Вскоре на похверке зашумела жизнь. В толчейной фабрике гулко застучали рудодробильные песты. При дроблении руды в воде из нее частично удалялись мелкие камни и земля. Измельченная руда поступала в промывальную фабрику. В заключение из руды вымывали в корытцах — зикертротах — зернышки самородного металла. Те, что залегали в слабых породах. Только после того руды-шлихи увозили на Барнаульский завод. Там выплавляли серебро.
Когда в наземных работах наступил спад, жен работных и малолетов начальство распустило по домам. Маркшейдер Кузнецов вызвал Федора.
— Собирайся на рудный поиск.
Федор зашел в рудничную контору за жалованьем, поставил в ведомости крестик, пересчитал разменное серебро, отнял половину и отдал конторщику.
— Лишнее мне выдано.
Конторщик взглянул в ведомость, на миг затих, потом заулыбался во все лицо, затрещал сорокой:
— Премногие спасибочки тебе, честный человек… вернул полтора рубля. Ведь на моей шее четыре рта, а жалованье чуть поболе твоего.
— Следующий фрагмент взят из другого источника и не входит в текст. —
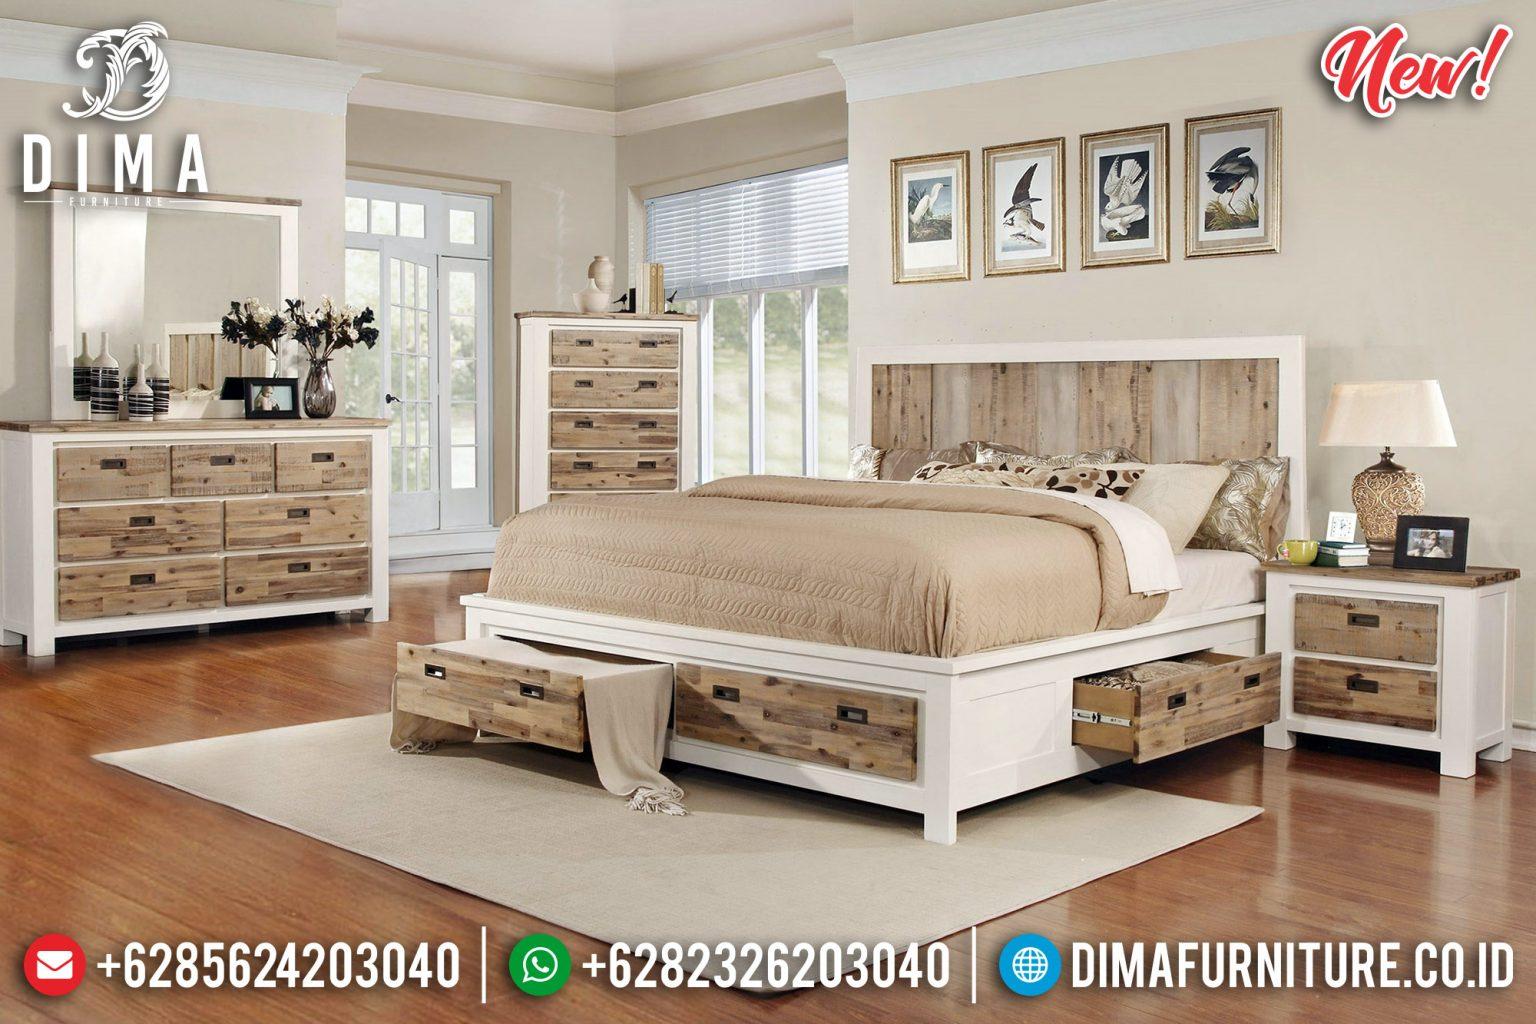 Tempat Tidur Minimalis Type Laci 2020 TTJ-0066

Федор знал, что конторщик получал в два раза больше, чем он, да не гнушался на взятку, но ничего не сказал.
Дома Феклуша встретила Федора робкой, чуть виноватой улыбкой. И голос Феклуши звучал необычно настороженно и выжидательно.
— Вот тебе, Федя, вязаная рубаха из козьего пуха. Ночью и утром прохладно. А в горах и подавно.
— За то спасибо, Феклуша.
Знал Федор, что лишних денег в семье нет. Подумал: «Поди, по копейке отрывала. И опять же для меня». Спросил:
— За какие деньги купила-то?
— Уговор такой: не будешь ругать, скажу! — За что же ругать-то?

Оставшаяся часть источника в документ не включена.